Police deployment on August 15 1998 has never been fully explained. According to evidence given at the inquest into the victims, there were no police on duty in Omagh town centre when the bomb was driven in at approximately 2.20pm. At the time, two three-man patrols were out in cars. When the bomb warning was given, one was in a housing estate on the north side of the town. The other was attending an incident in the countryside.

There were seven police on duty in the town’s police station. An eighth was on guard duty in the sangar outside. A ninth officer has given evidence he was on duty in the Omagh area, but did not specify where.

At the time, an additional 25-member Divisional Mobile Support Unit carried out mobile patrols of the Omagh area. Its members patrolled in uniform, but driving civilian cars. On the day of the bombing, 15 were on leave. The remaining 10, with some other officers, were given responsibilities to police a nationalist parade in Kilkeel, Co Down. Kilkeel is one of the furthest points from Omagh in the North, almost 72 miles away. When the bomb warning was received, these police were in Land Rovers in the yard of Omagh police station.

At the time the bomb was planted, the traffic warden who dealt with that part of the town centre was on his lunch break. The bomb car was parked on a single yellow line, where parking was forbidden: though the prohibition was regularly ignored. The particular traffic warden was known for his efficiency.
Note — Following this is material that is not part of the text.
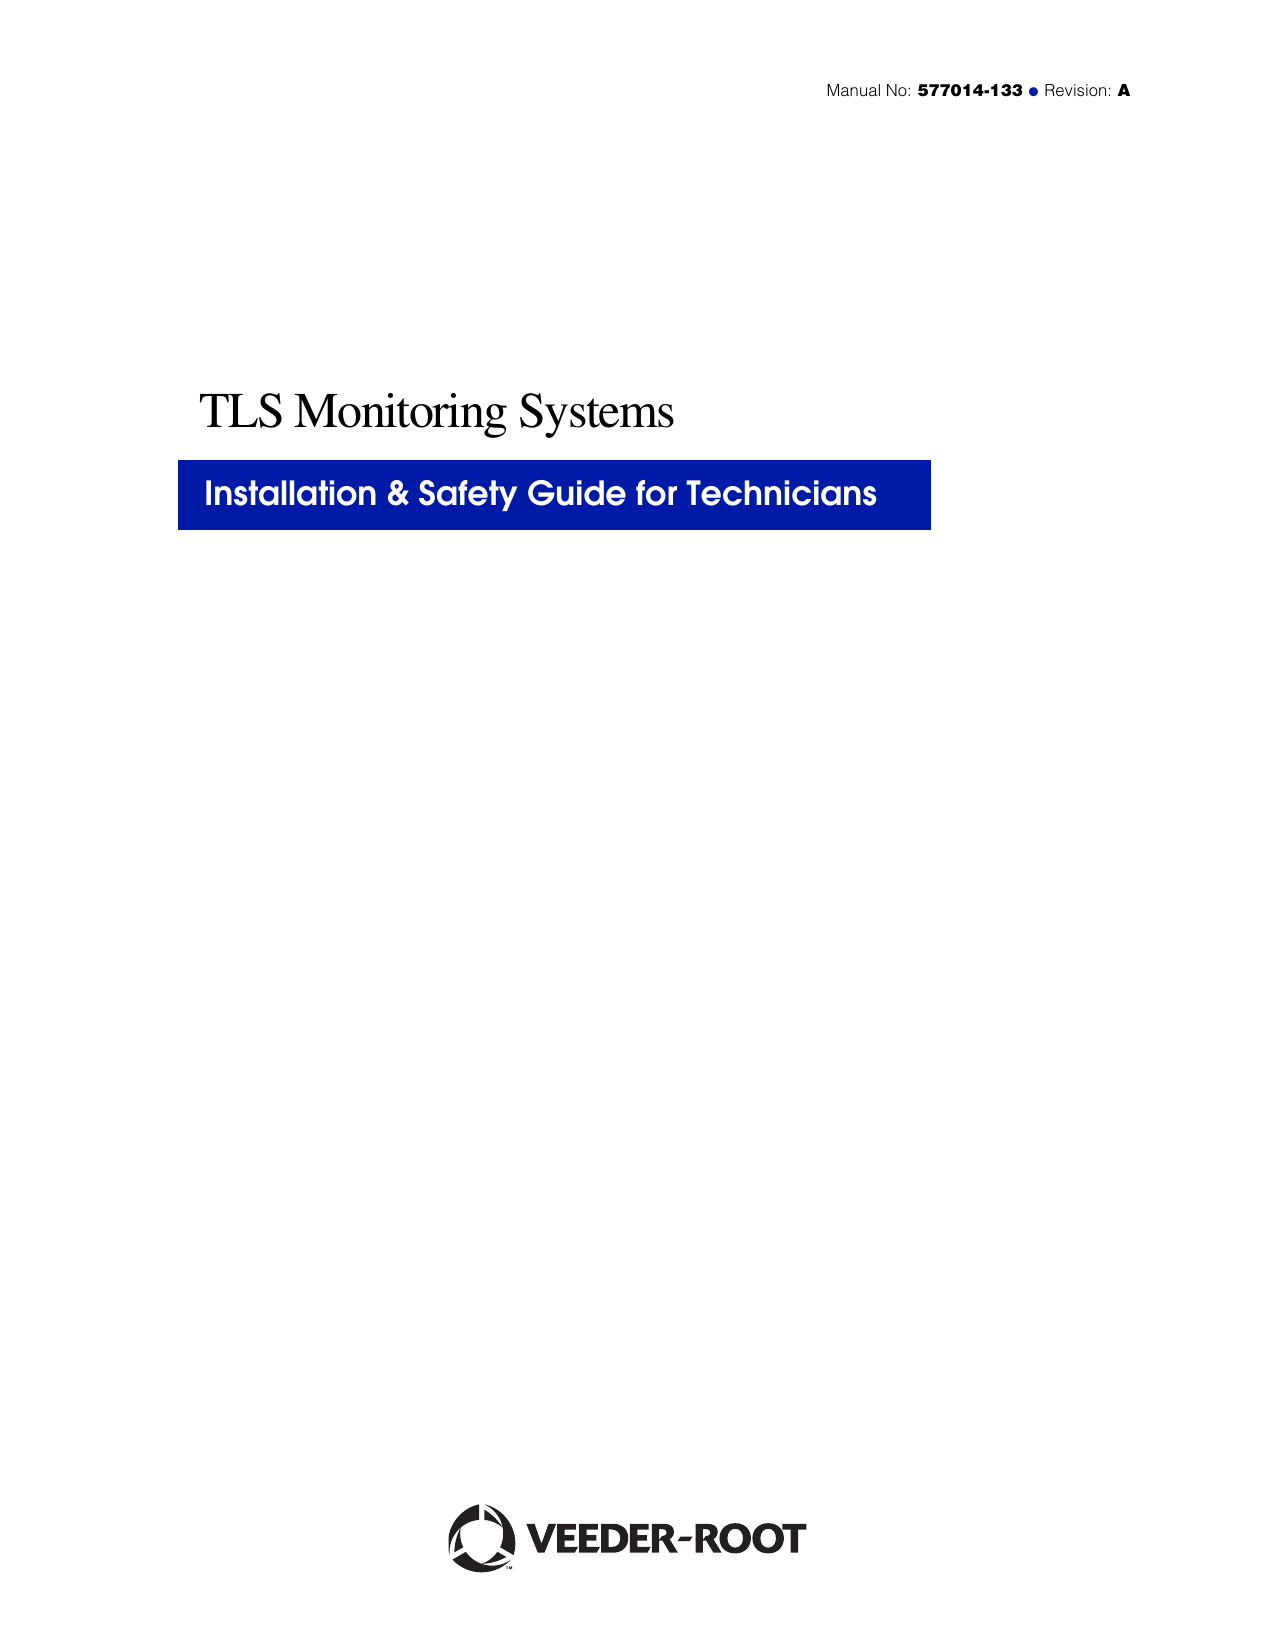 TLS Monitoring Systems | Manualzz
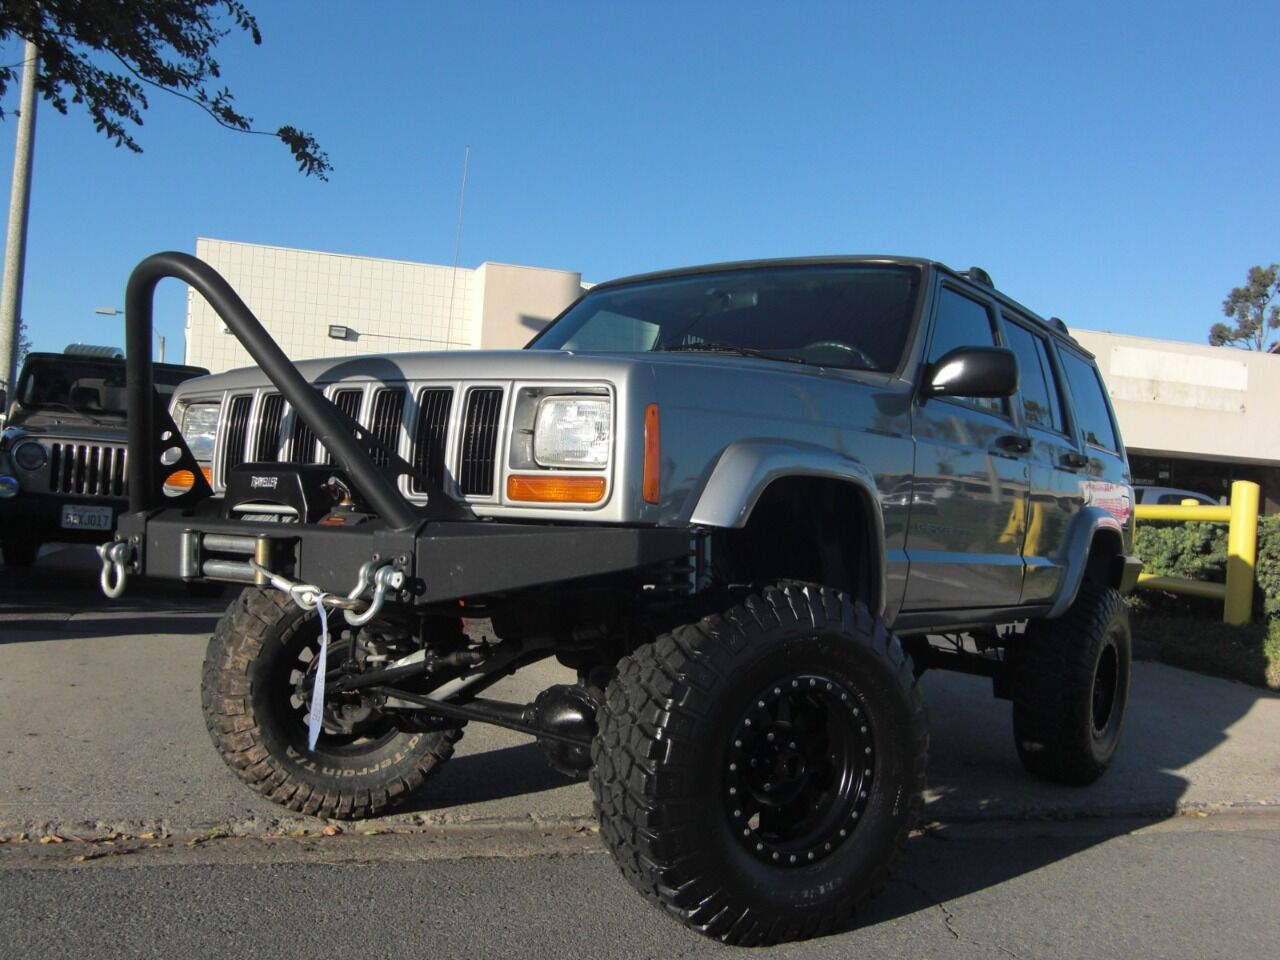 2000 Jeep Cherokee For Sale - Carsforsale.com®

After the bombing, the fact of knowledge about the August 4 call was not conveyed to police investigators until O’Loan discovered it when drawing up her scathing report three years after the bombing. None of those named in this call were questioned afterwards. At least two were unaware they had been named until I spoke to them in 2002. There is no evidence any had any involvement with the bomb. However, whoever made the call had knowledge of some sort of attack in Omagh, and wanted to implicate them.

With too many questions unanswered, some relatives are now calling for a public inquiry. However, the British government has rejected further public inquiries.

The best opportunity left to advance the truth is a civil action being taken by the late Laurence Rush, whose wife was killed in the bombing. His family is continuing the action against the Chief Constable and Secretary of State, for failing to prevent and to properly investigate, the bombing.

Omagh was the worst atrocity of the Troubles, killing 29 and wounding 220.